__Task brief__: Copy out exactly the stretch of the listing below that begins at the line containing "summer-wedding-shoes-dolce-gabbana-wisteria-wedges-0515.jpg" and ends at the line containing "businessman gets a", and copy nothing outside it.

__Study material__:
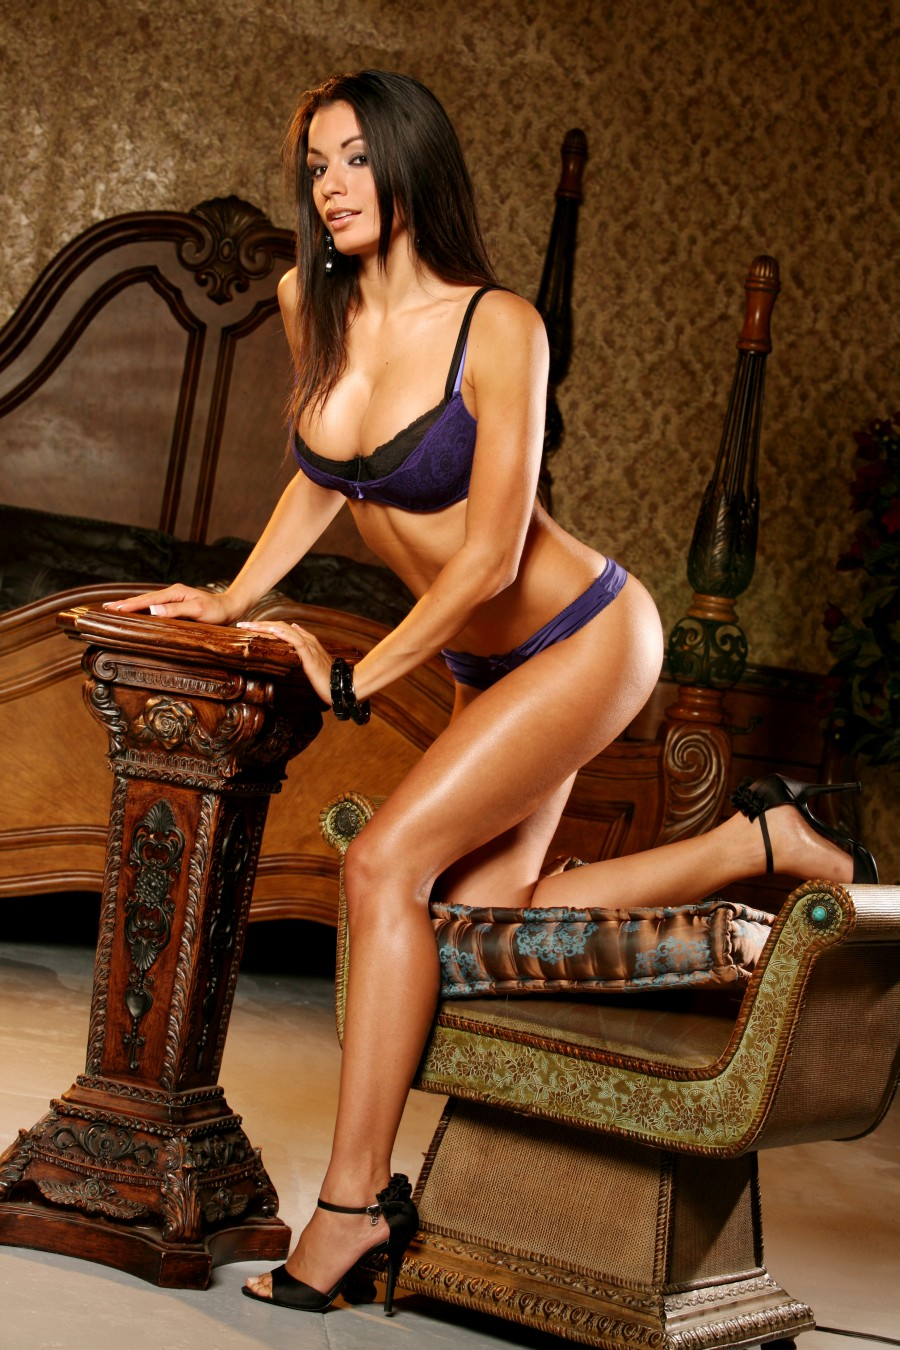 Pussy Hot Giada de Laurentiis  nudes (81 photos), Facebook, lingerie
--
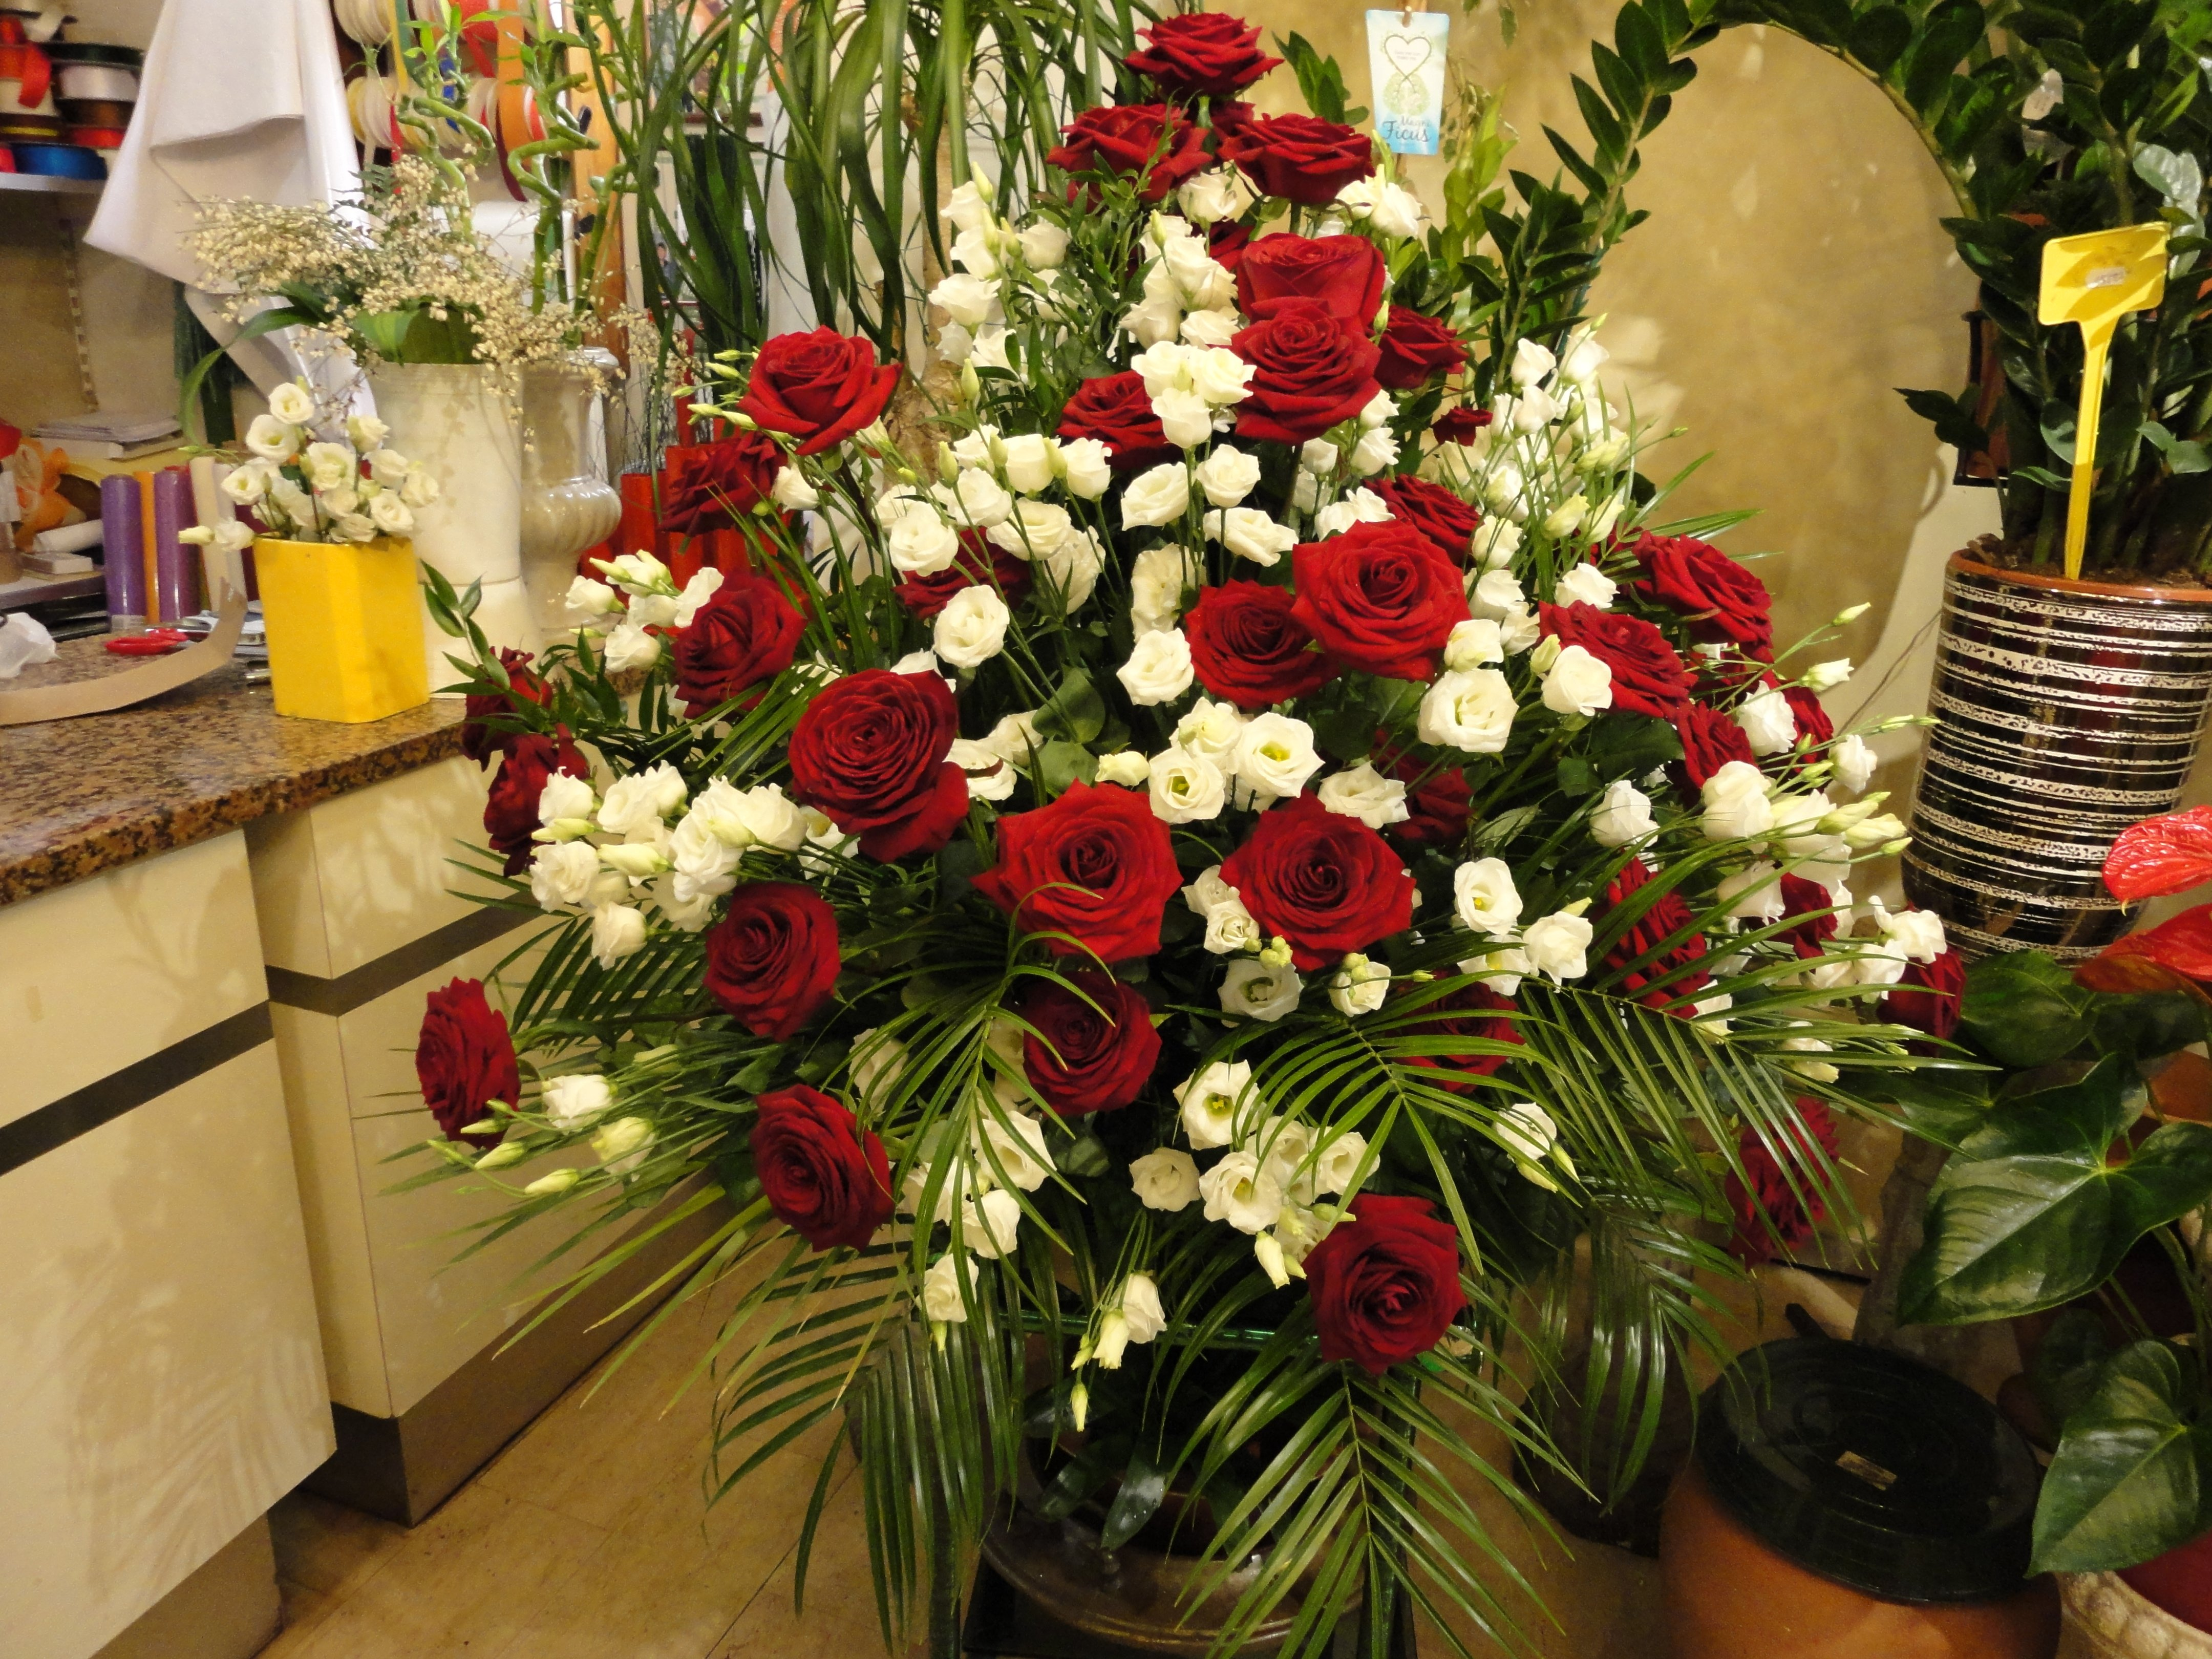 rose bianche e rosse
---
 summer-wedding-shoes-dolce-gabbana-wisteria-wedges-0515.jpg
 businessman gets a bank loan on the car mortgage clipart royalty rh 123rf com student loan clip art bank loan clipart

__Task result__:
 summer-wedding-shoes-dolce-gabbana-wisteria-wedges-0515.jpg
 businessman gets a bank loan on the car mortgage clipart royalty rh 123rf com student loan clip art bank loan clipart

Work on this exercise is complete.